I would throw any manufacturers c/g out the window to be honest. I dont think i have a single model set at the recommended c/g any more and only use the supplied figure for the test flights. After that i usually change it quite a bit. The worst of all was my Hangar 9 pulse. The c/g was so conservative i must have moved it an inch further back and to be honest i think it could stand to go a little more.

The info Stuart provided is good but your acrowot is not as 'straight' as a pattern ship so dont get too obsessed with it. If i were to test my warbirds to that schedule they would all be condemned! Getting a good setup on the model is very important, but dont get caught up in the minutia if you are just looking for a bit of sport flying and dont forget the model you are flying. Not everything will respond to that schedule in the same way and you might end up chasing your tail.
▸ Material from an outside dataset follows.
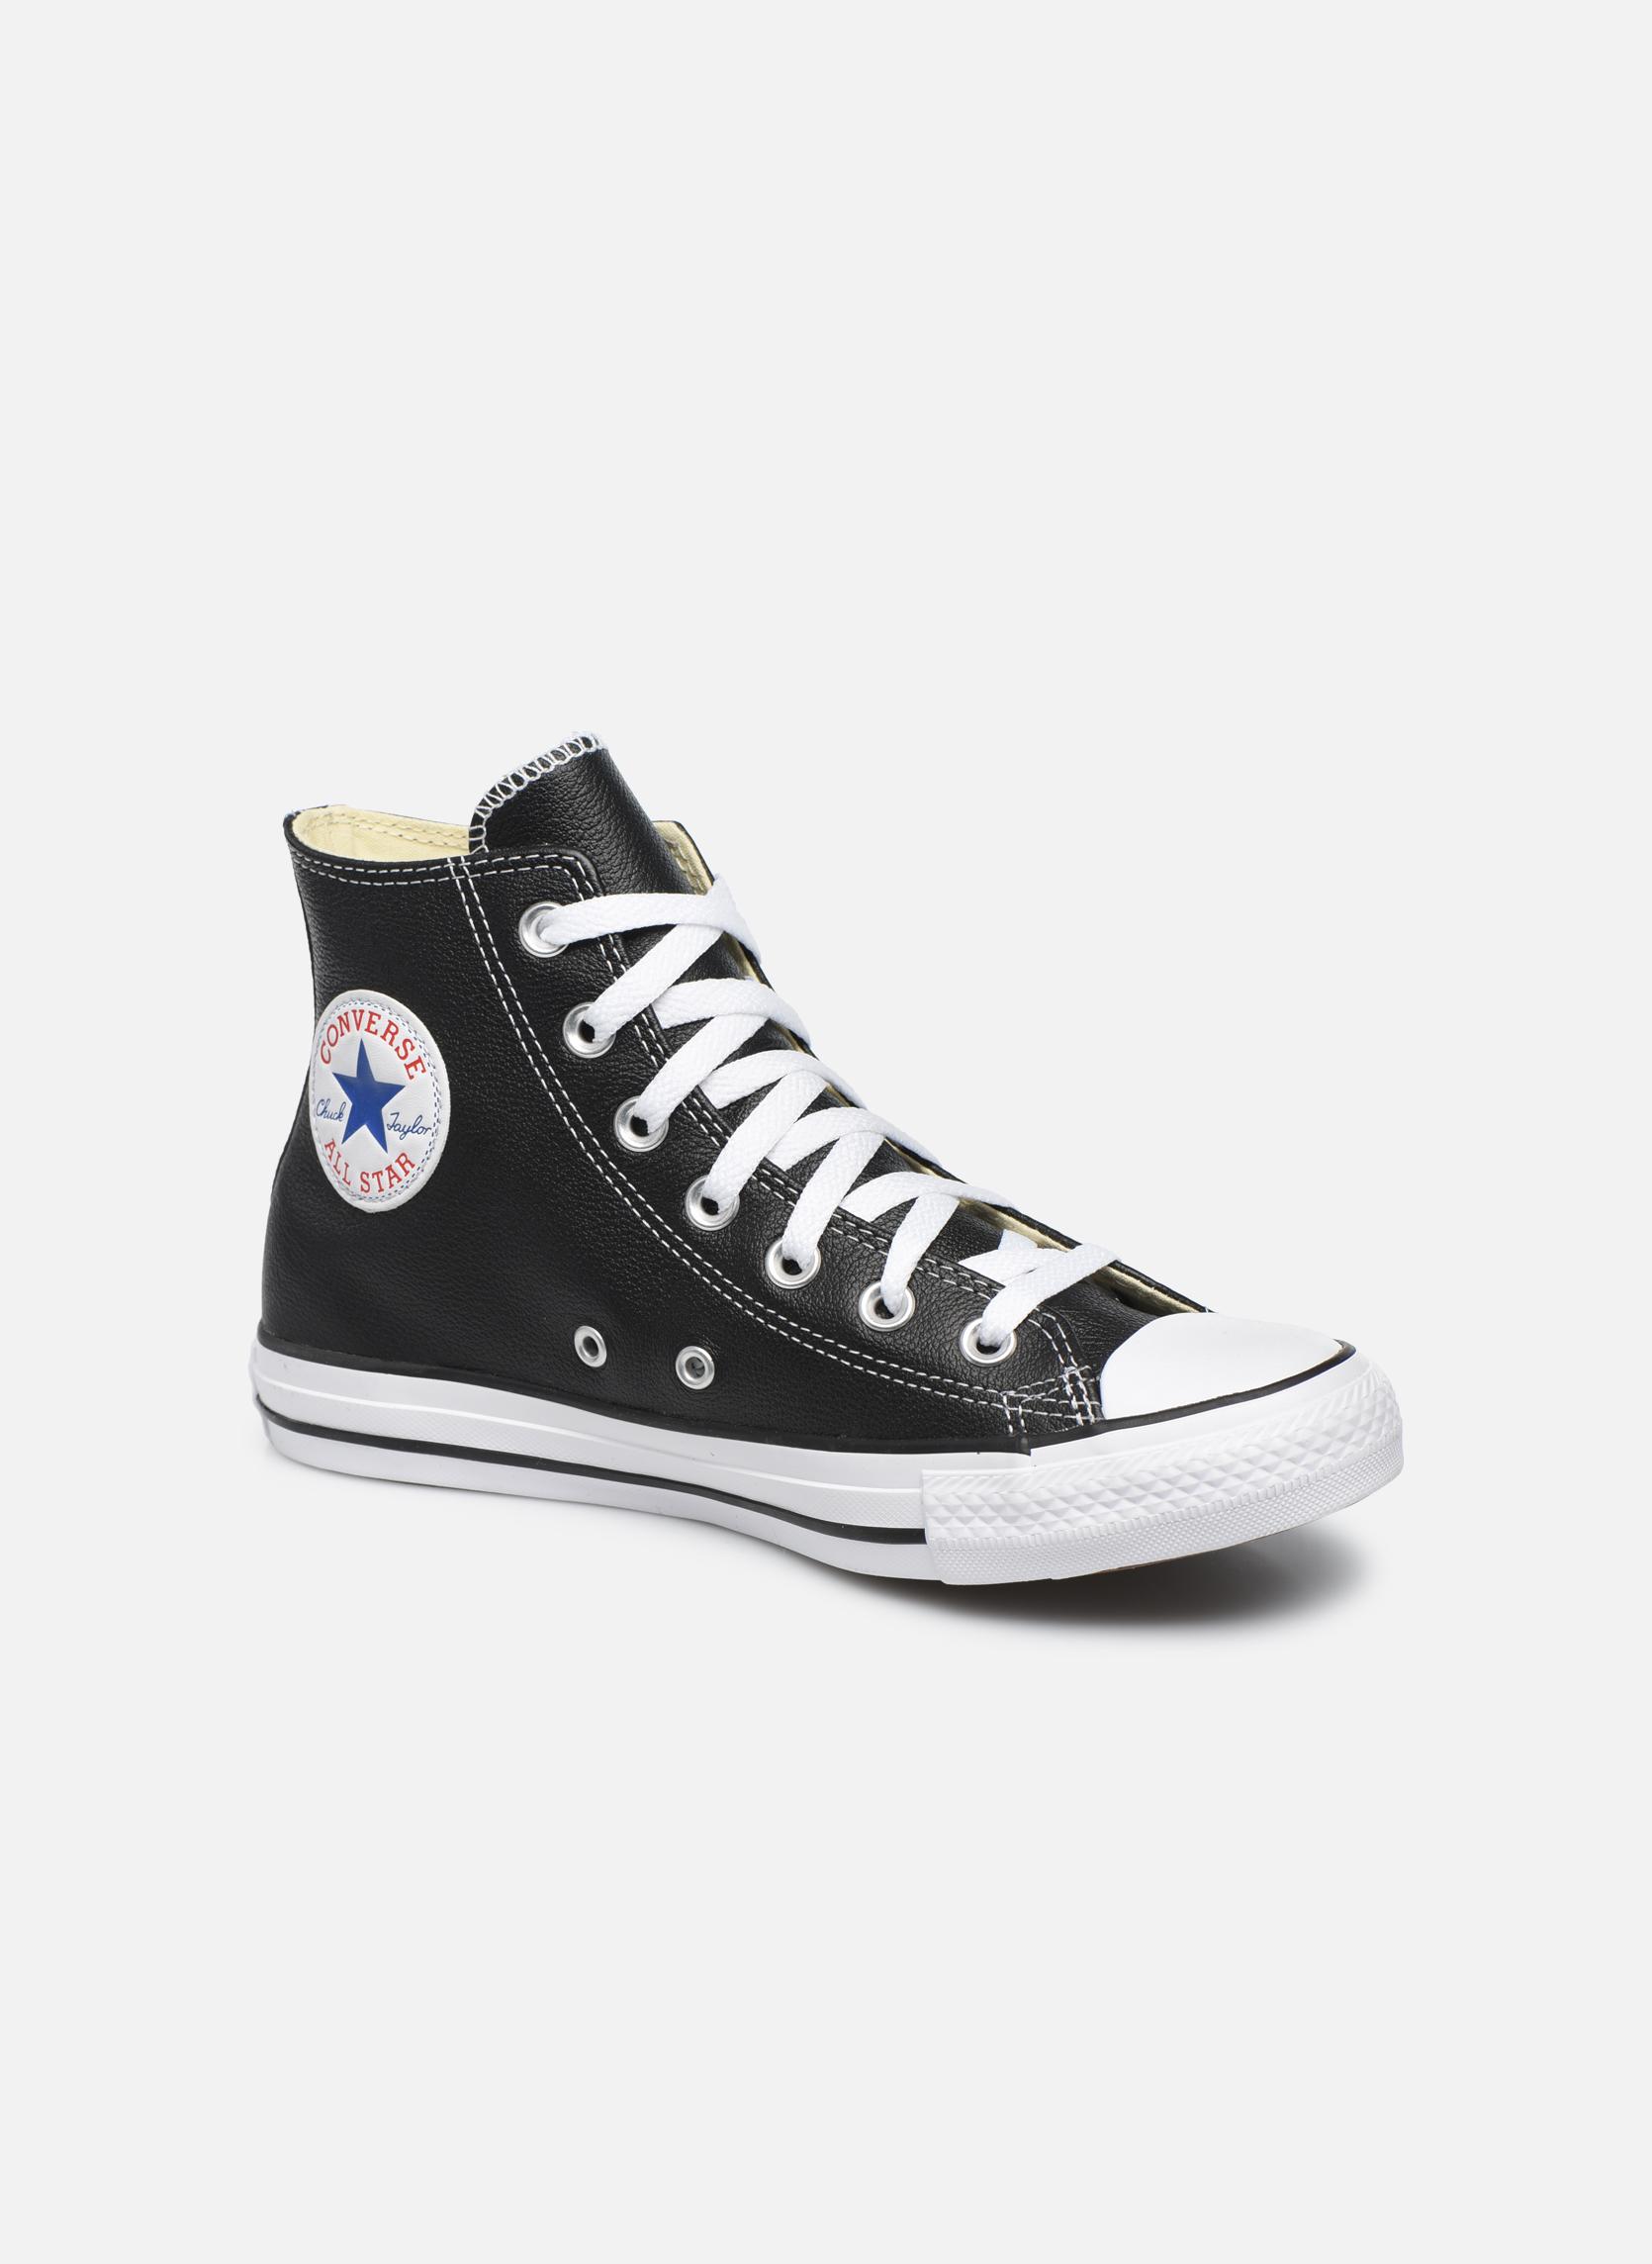 Converse Chuck Taylor All Star Leather Hi W

Remember too that trimming is not a static thing and will vary day to day. Wood expands when damp, metal pushrods contract when cold etc. Its not uncommon for models to be out of trim after a change in weather.

However, the info will be useful as it covers a lot of general setup items that are well explained

S

Bruce Collinson19/12/2018 13:52:43
202 forum posts

Glenn,

Ta; totally different, as you say following major surgery.

Chris, ta also; still within the +/- 6mm makes me less nervous so I will try a tweak.

Stuart Z; very helpful link. As one who defaults to a Wot 4 immediately followed by an Acrowot, both leccy but see passim, I found this thread very valuable.